#### Extracted data:
BEGIN
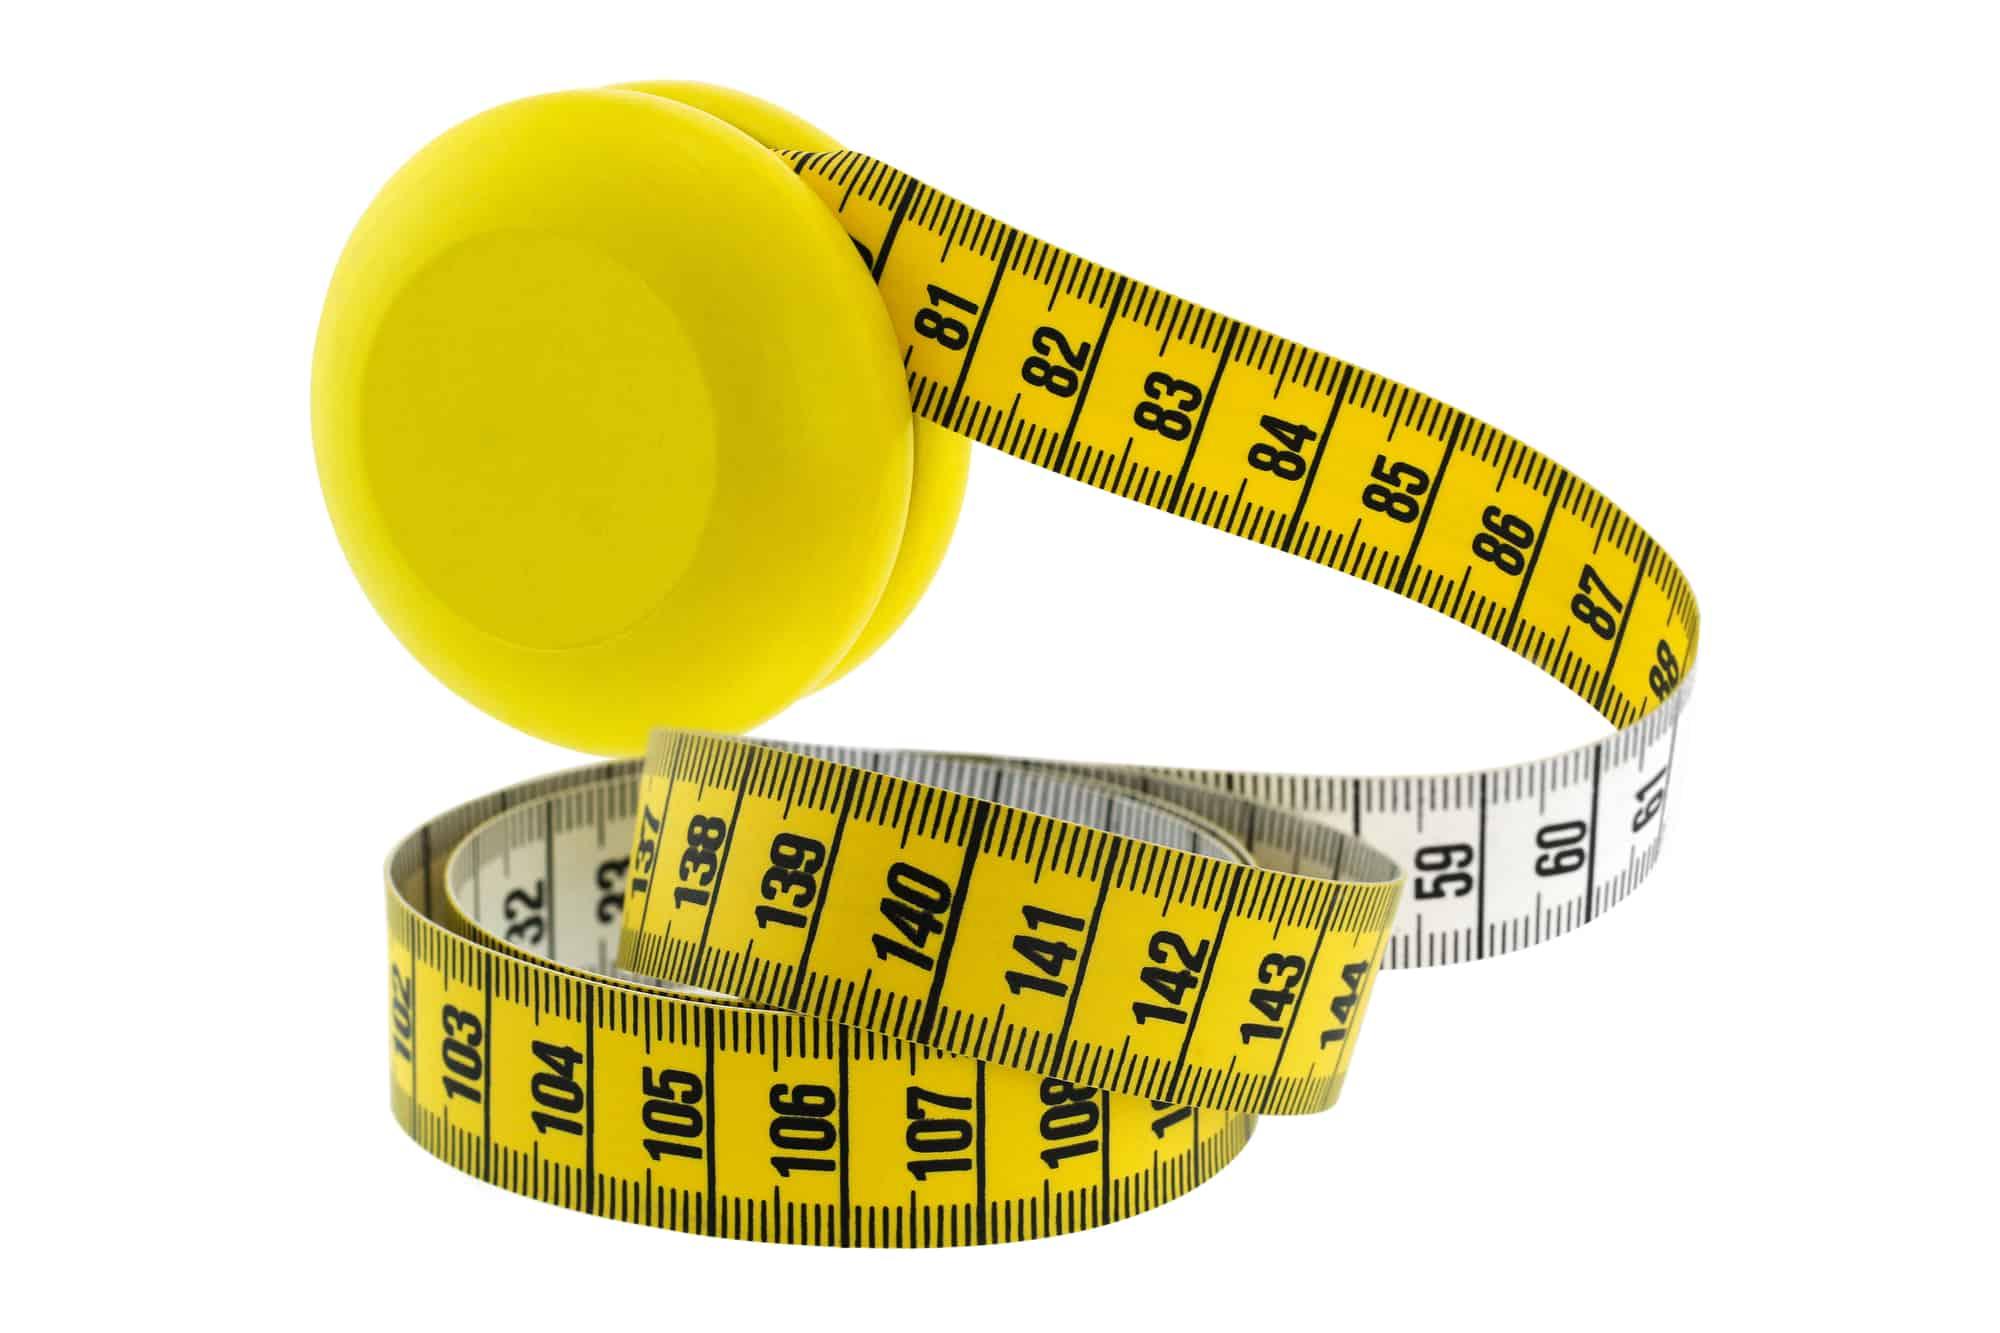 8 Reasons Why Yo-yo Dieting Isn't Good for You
END
BEGIN
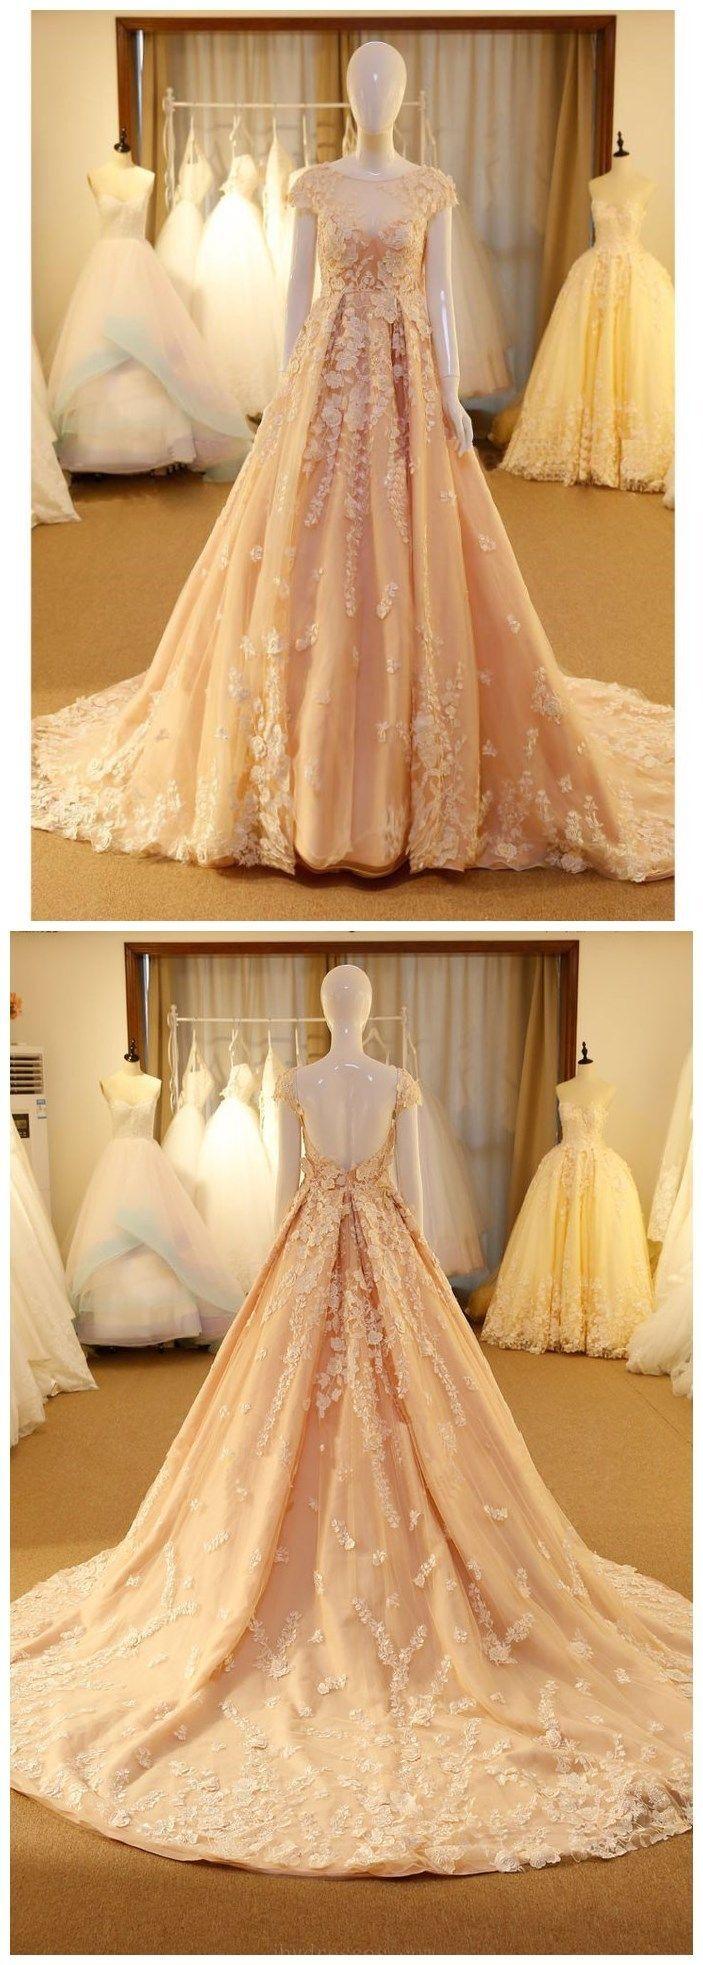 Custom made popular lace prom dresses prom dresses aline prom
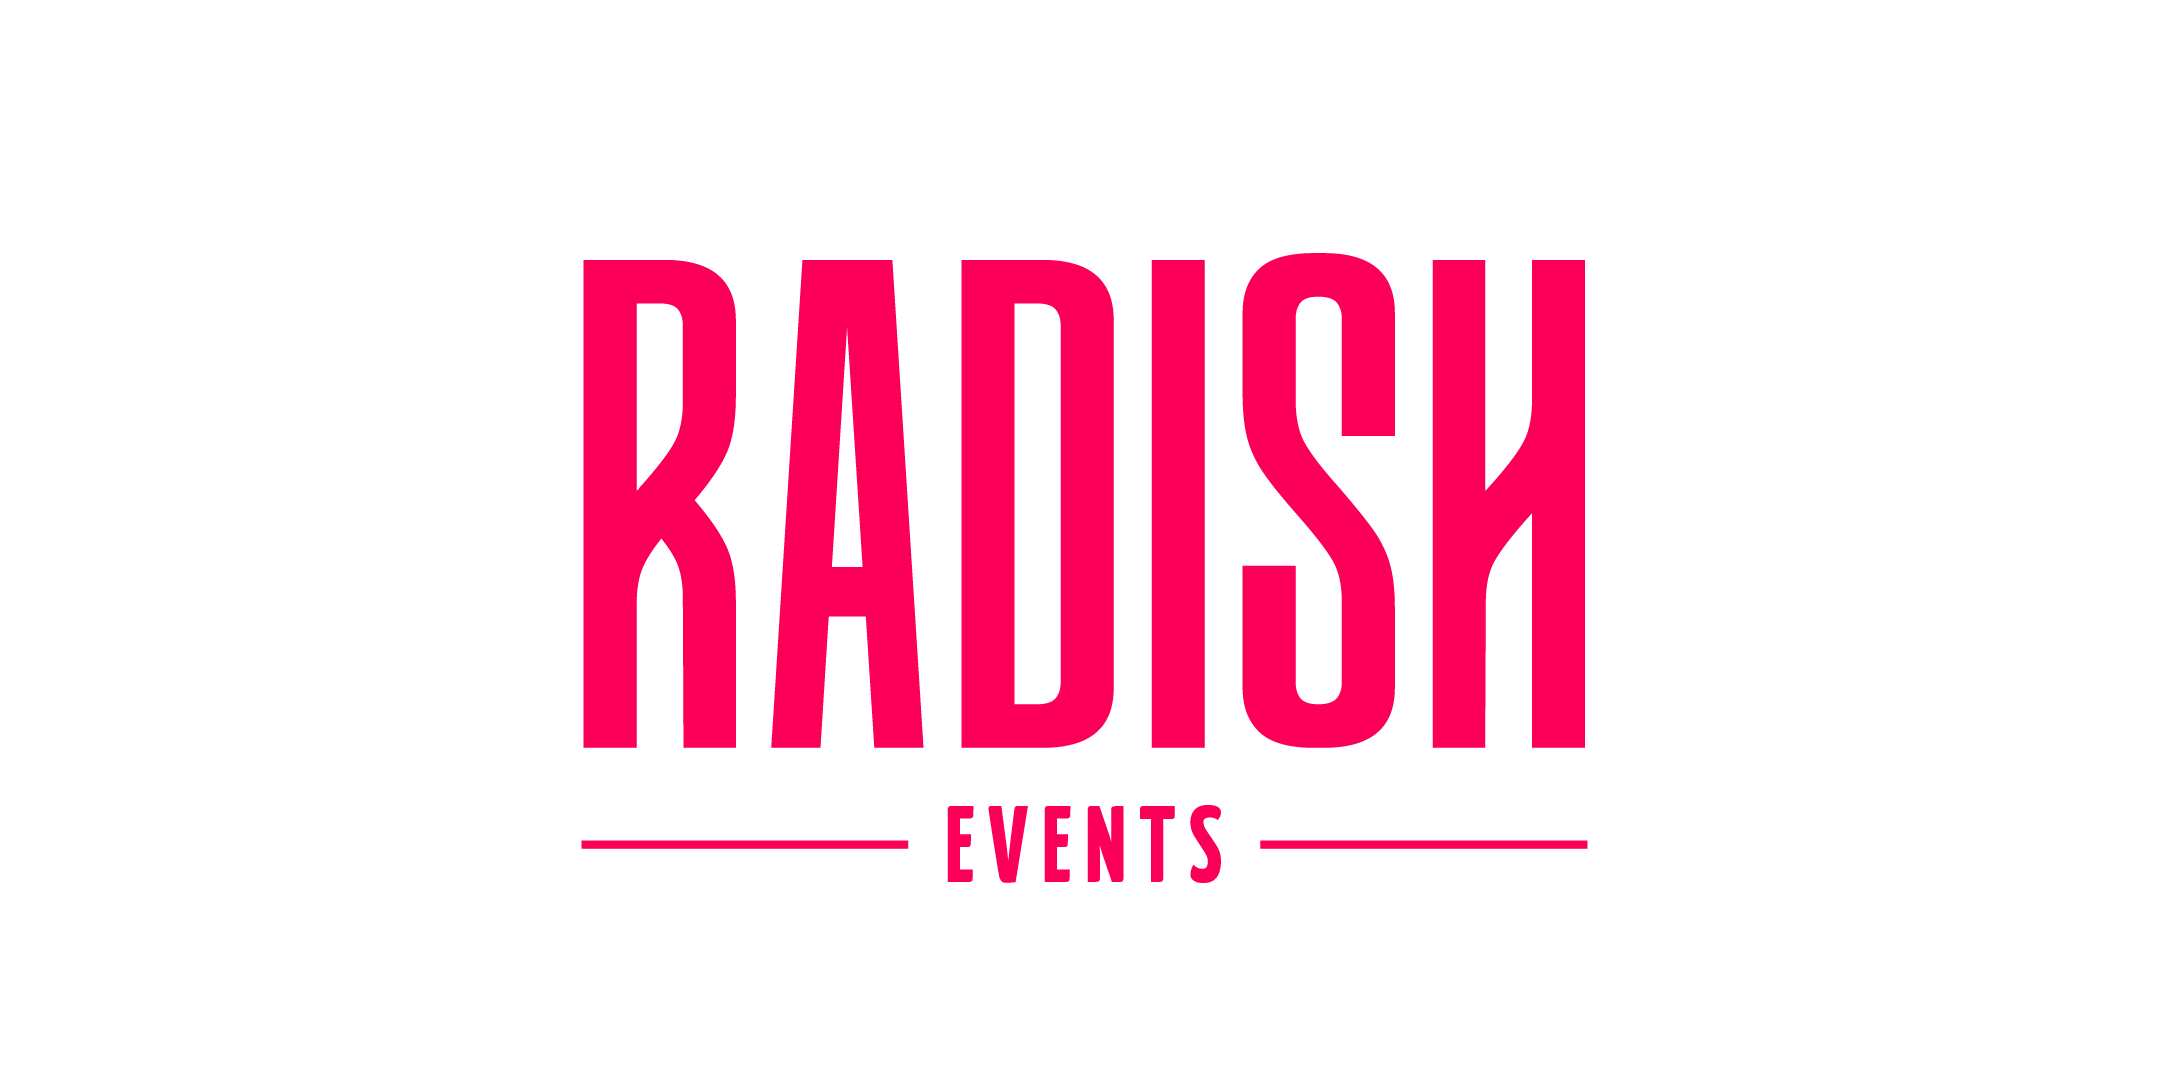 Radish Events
END
#### Problem description:
Repeat, without pictures, exactly the lines of the data above from the one containing "Custom made popular" through the one containing "Radish Events", including both and adding nothing.

#### Answer box:
 Custom made popular lace prom dresses prom dresses aline prom
 Radish Events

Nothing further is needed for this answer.